But even if Paul before his conversion was a devotee of the apocalyptic Messiah, the genesis of the Pauline Christology has not yet been explained. For the apocalyptic Messiah is different in important respects from the Christ of the Epistles.
In the first place, there is in the apocalypses no doctrine of an activity of the Messiah in creation, like that which appears in 1 Cor. viii. 6; Col. i. 16. The Messiah of the apocalypses is preëxistent, but He is not thought of as being associated with God in the creation of the world. This difference may seem to be only a difference in detail; but it is a difference in detail which concerns just that part of the Pauline Christology which would seem to be most similar to the apocalyptic doctrine. It is the Pauline conception of the preëxistent Christ, as distinguished from the incarnate or the risen Christ, which Wrede and Brückner find it easiest to connect with the apocalypses. But even in the preëxistent period the Christ of Paul is different from the apocalyptic Messiah, because the Christ of Paul, unlike the apocalyptic Messiah, has an active part in the creation of the world.

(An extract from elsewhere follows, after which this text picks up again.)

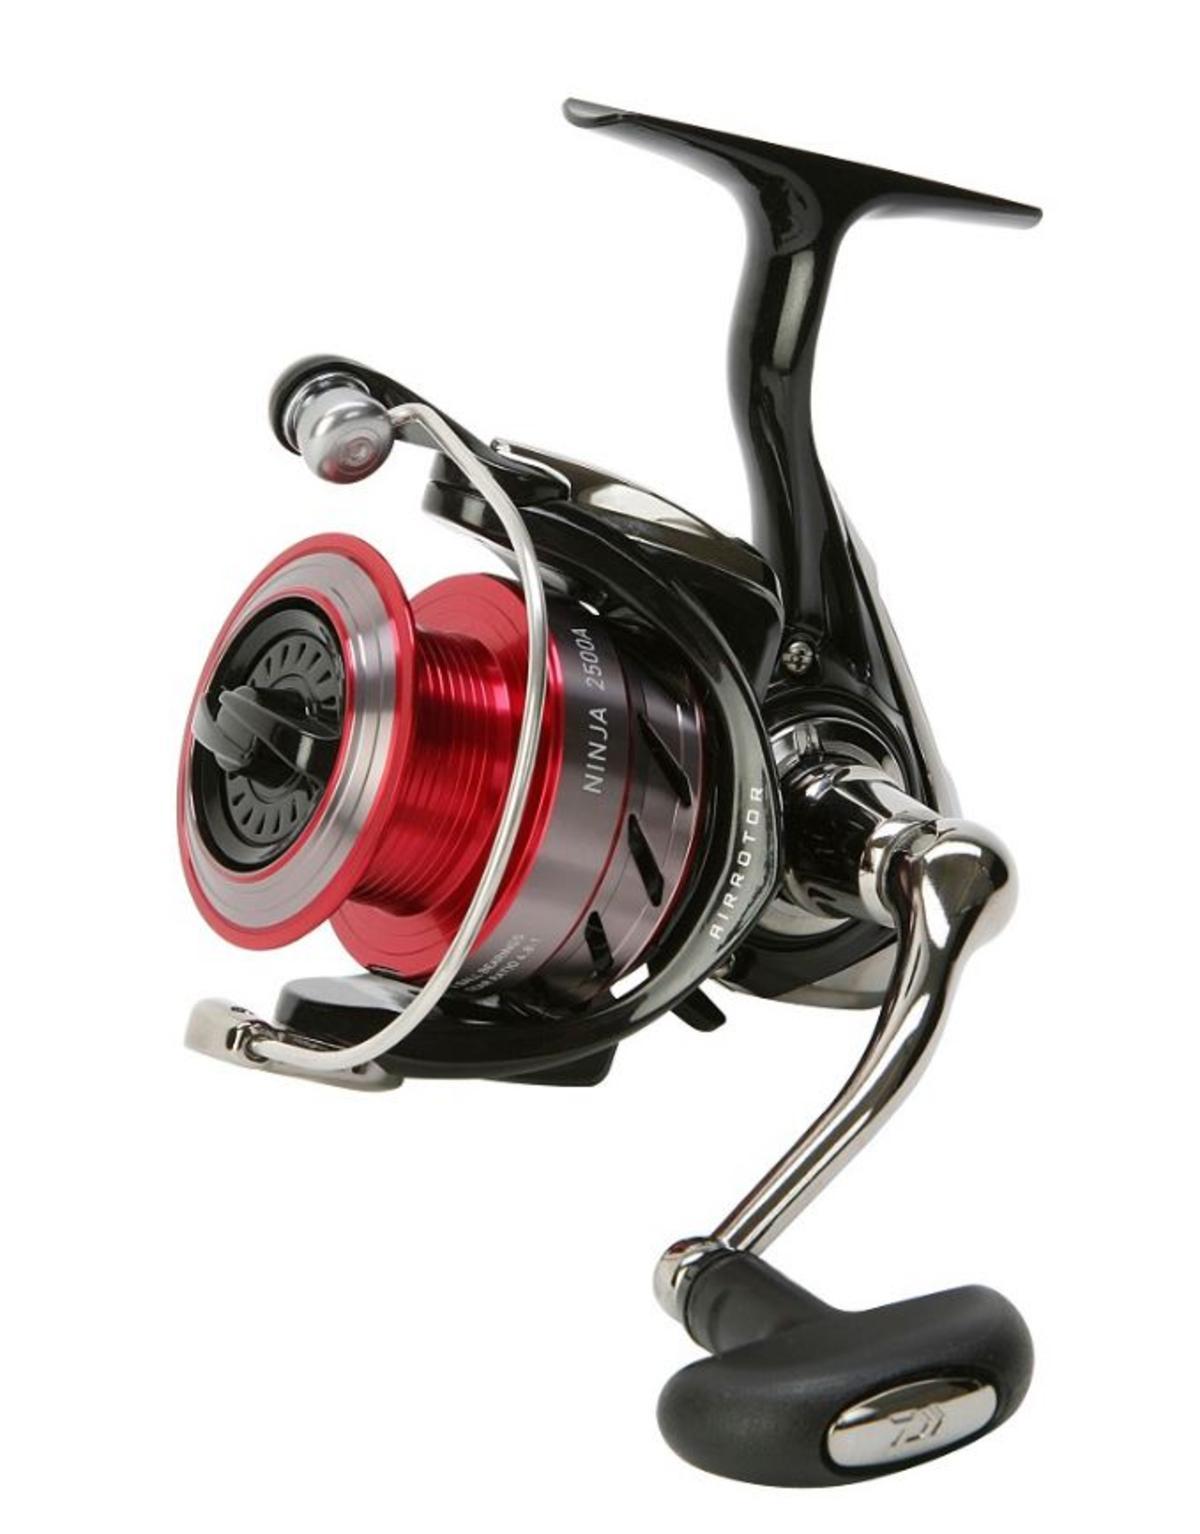 New Daiwa Ninja Spinning Fishing Reel - All Models

In the second place, there is in the apocalypses no trace of the warm, personal relation which exists between the believer and the Pauline Christ.[119] The Messiah of the apocalypses is hidden in heaven. He is revealed only as a great mystery, and only to favored men such as Enoch. Even after the judgment, although the righteous are to be in company with Him, there is no such account of His person as would make conceivable a living, personal relationship with Him. The heavenly Messiah of the apocalypses is a lifeless figure, clothed in unapproachable light. The risen Christ of Paul, on the other hand, is a person whom a man can love; indeed He is a person whom as a matter of fact Paul did love. Whence was derived the concrete, personal character of the Christ of Paul? It was certainly not derived from the Messiah of the apocalypses. Whence then was it derived?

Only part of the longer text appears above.